Someone complained that I was copyrighting my work on this Web log. Okay, I won’t put the copyright symbol on this graphic. If you want to recycle my work, please, send me an email and get permission. I get annoyed when certain individuals borrow with neither attribution nor permission. Right, Mr. Hermans?
Let’s take a quick tour of this diagram, and then I will close with some observations about the “panting laggard” that is behind-the-firewall search.
Yellow Spheres
Notice the “yellow spheres”. You may have to click on the small image in order to read the notations on this diagram. The heading is “Enabling”. The idea is that each of the “yellow spheres” represents a category of technology that makes online information more useful. For example, “Converting Creating Content” refers to content authoring and content transformation. Behind-the-firewall systems have to take different file types and homogenize them so the system can manipulate them. If a search or content processing system can’t “read” a file, the system won’t process it. The idea, then, is to get the content regardless of its form and format into the search and content processing system. The bottom “yellow ball” is labeled “Spidering, Indexing, and Searching”. You recognize these ideas because 90 percent of a search vendor’s sales pitch talks about this “yellow ball”. In terms of this diagram, it’s easy to see that these three operations–spidering, indexing, and search–are just a cog in a much larger system. Vendors who pitch you about these three features are “panting laggards”. These vendors are almost out of the race and almost certainly won’t win in the long run in my opinion.
Purple Spheres
The “purple spheres” are identified as “Analysis”. Each of these four spaces are now mainstream. Vendors offer these services because each is easier for a manager to assess in terms of a payoff. Few people in an organization want to see laundry lists of information. Filtering eliminates information that rules, methods, or user-defined specifications say, “I don’t want information about enterprise search. I want information about predictive analytics.” Clustering is a catch-all term. In it reside classification, grouping, categorization, and any thing to do with today’s idées du jour–taxonomies and ontologies. The idea is that the system groups similar documents in a meaningful way. If you don’t know what you really want to review, you scan the category labels and browse the results. The third “purple sphere” is data mining. Companies like SPSS and SAS Institute are familiar to you if you took advanced statistics in college. These companies are not in the business of text processing and offering a burgeoning array of features and functions designed to whip unstructured content into shape. SAS Institute bought Teragram, and their PR team told me that SAS will become an “enterprise search company”. I detest this term, but the move is a good one. SAS wants to chop up text, pull out the juicy bits, count them, crunch them, and generate reports for users. The final “purple sphere” is labeled “static / video imaging”. Most organizations are awash in digital information, but most of that is text. Not for long will it be text. “Going forward”, I said in 2003, “behind-the-firewall search systems will have to come to grip with the information-charged binary files–chemical structures, engineering drawings, audio recordings, and video.” Now five years later, only Autonomy has a reasonable solution to video. The other data types remain “outside” the behind-the-firewall system vendors capabilities.
Gray Bar
The “gray bar” was intended to be a spectrum. My lousy Photoshop skills produced this blah “gray bar”. The idea is that “Enabling” and “Analysis” are two distinct types of pressure on search and content processing opportunities. As the “yellow spheres” get bigger, they will exert pressure on the folks in the “gray bar”. Similarly, as the “purple spheres” exert their influence on users, a catalytic reaction occurs in the “gray bar”. In 2003, I identified three significant changes in the way employees will interact with digital information.

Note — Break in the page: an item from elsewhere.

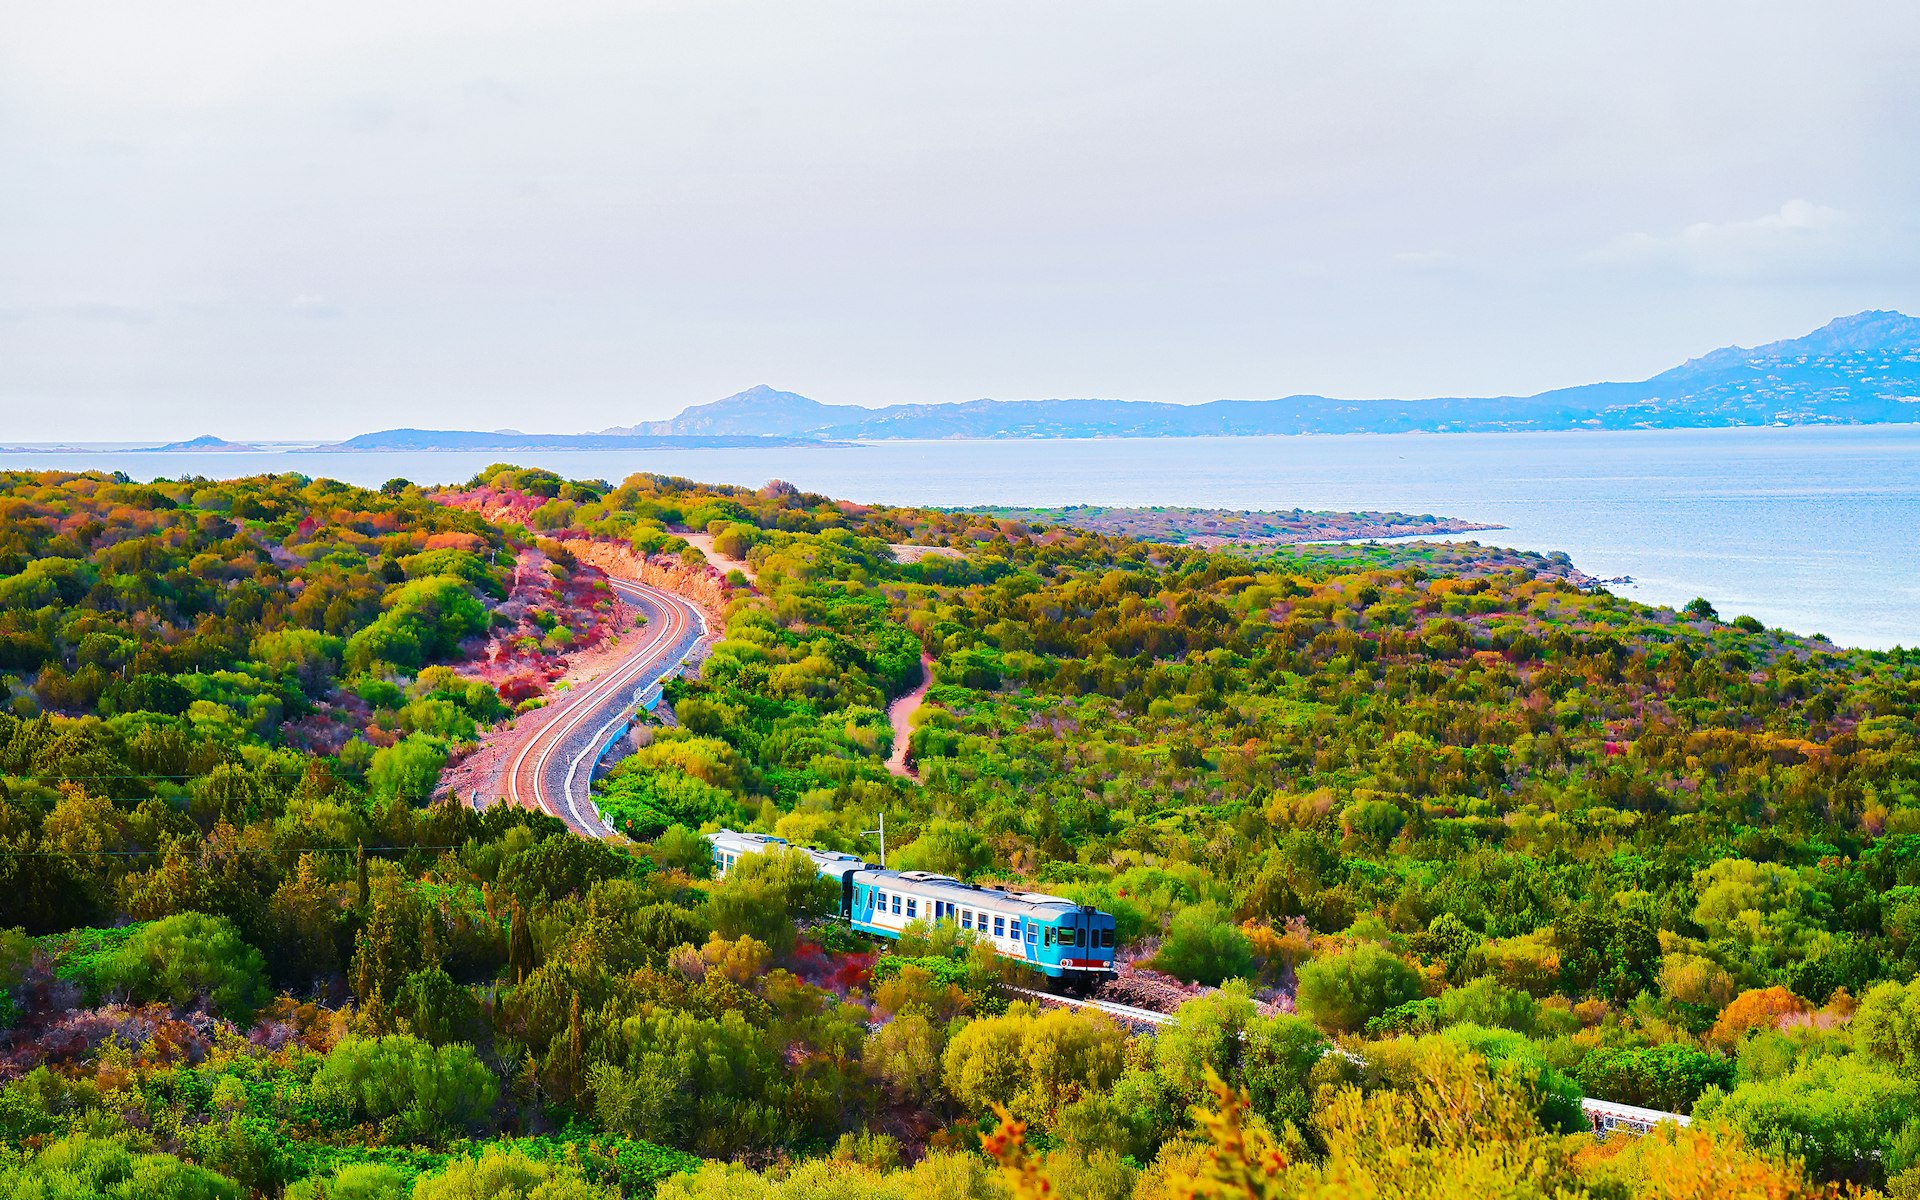 Train at Golfo Aranci in Costa Smeralda resort, Sardinia, Italy. Olbia province. Landscape with Sardinian green forest and Mediterranean sea on background.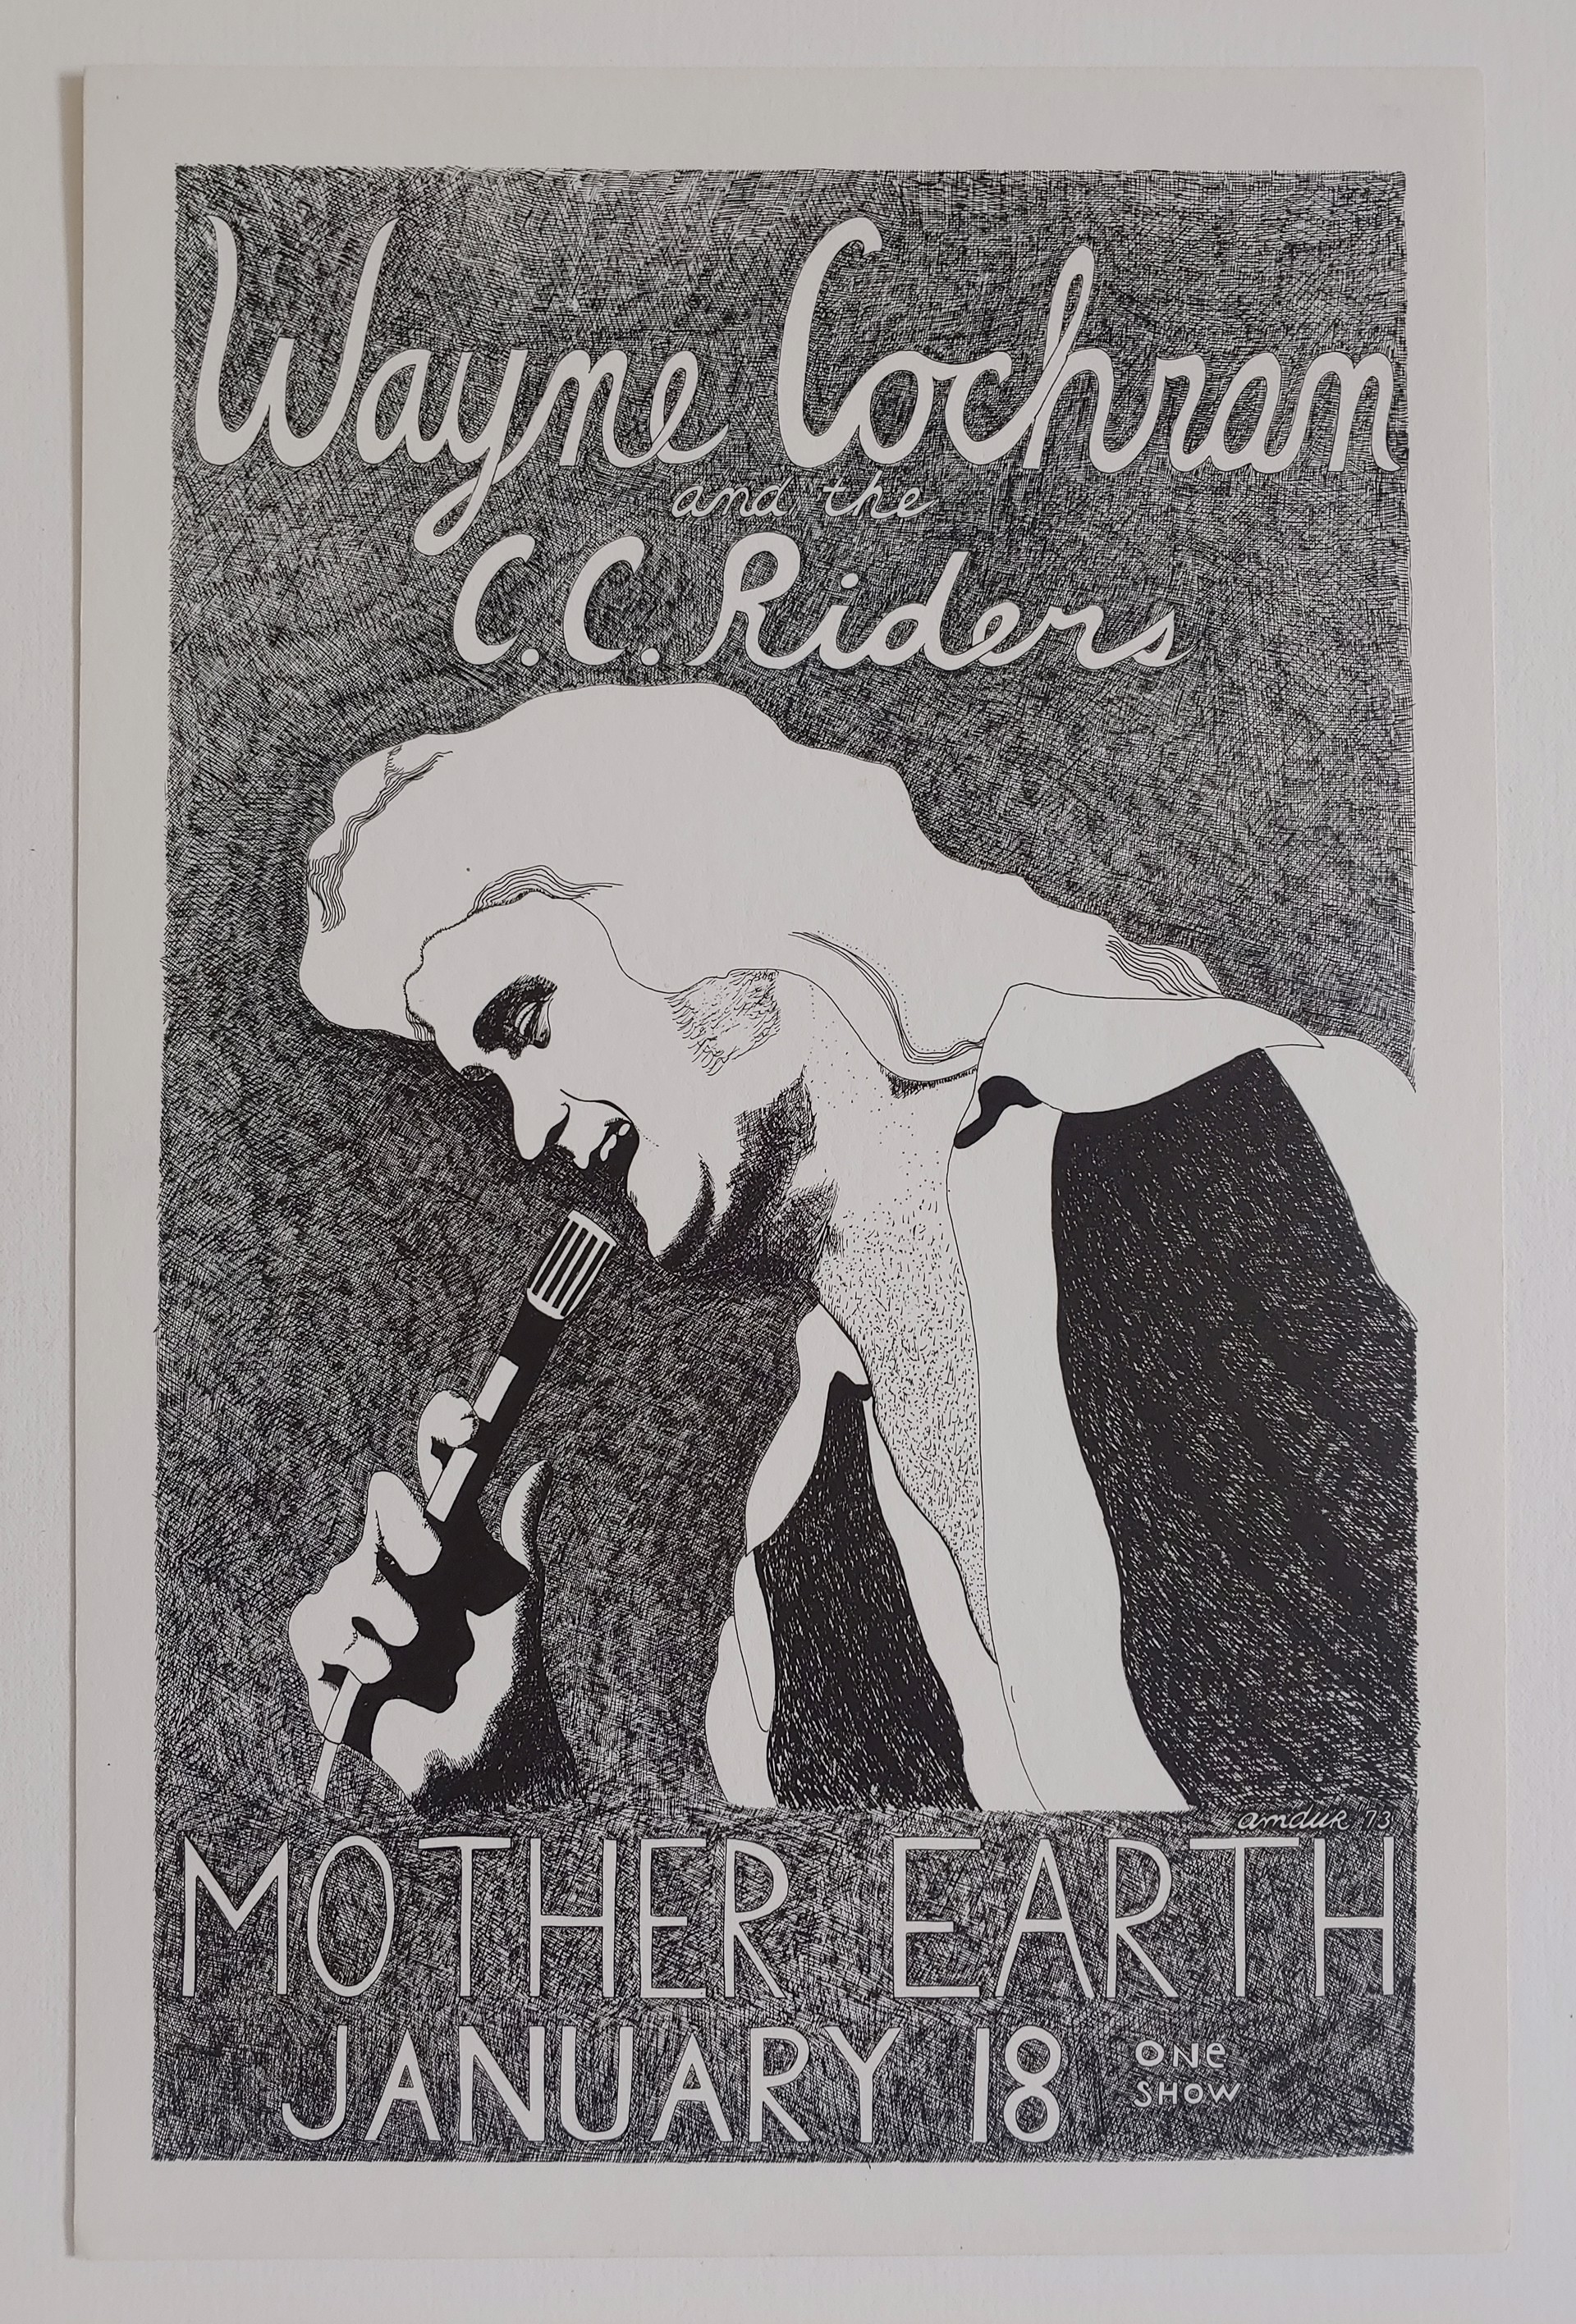 Wayne Cochran and the C.C. Riders - Poster by David Amdur

First, instead of a search box, people looking for information want some sort of information finder “landing page”. For want of a better term, I used the word portal for the notion of gaining access to information in a search and content processing system.
Second, I identified the shift from getting laundry lists of “hits” to a type of collaborative work. Vendors often forget that documents are created by people, unless you are lucky enough to live inside some hyper-advanced culture like Google’s. But the GOOG is an anomaly, so think about your company. You want to accomplish a work task. Many work tasks require working with one or more colleagues. So, the world of search and retrieval becomes an enabler of collaborative interaction.
Third, the search system is a means of keeping track of what’s been done and how information has changed. In my new study, Beyond Search, published by the Gilbane Group, I talk about one of Google’s most interesting acquisitions data management acquisitions in 2006. (A discussion of this company and its technology appears in Beyond Search.) This company was working is this type of hyper-search space, and if Google does more than launch betas, the technology could revolutionize its enterprise applications division. The point is that search is simply one facet of a much more significant set of processes coming about as the “yellow spheres” and the “purple spheres” expand and change the “pressure” for next-generation applications.
Going Nuclear at LANL
To wrap up, I was making explicit that key word search was a dead end. The action was in the “yellow spheres” and the “purple spheres”. As these various functional and technical areas grew more robust and fell in price, the notion of key words is irrelevant to the real opportunities in the “gray bar”.
In my discussion of the prescient Sagemaker technology here, I make it clear that the flabby key word search had short comings that were well known a decade ago. Now many leaders in search and retrieval are repositioning themselves–actually distancing themselves–from key word search. Not only is it a commodity, the financial difficulties of some of the highest profile vendors make it clear that generating revenue is not easy to do. You can snag Lucene (discussed here) or Flax (discussed here) and save yourself some money.
The LANL folks were not thrilled with my talk. I thought some in the audience would explode. Webmasters and government marketers had just completed a redesign of the LANL Web site. Key word search was offered, but it was slow as molasses. I think it’s been improved now. None of the functions I identified as important in the “gray bar” were available on the LANL’s public-facing or employee-only Web site.
These wizards invited a guy from rural Kentucky, and I did the intellectual equivalent of tracking mud on their white carpet. Competition for clicks among the national labs is fierce. LANL, long the number one research facility, had suffered some security disappointments and the wily wizards at Oak Ridge National Lab had rolled out a niftier Web site. Believe it or not, a high-traffic Web site makes a difference at budget time on Capitol Hill. Here I was making a mess of the new white carpet. I turned in my fancy badge and high-tailed it back to Kentucky.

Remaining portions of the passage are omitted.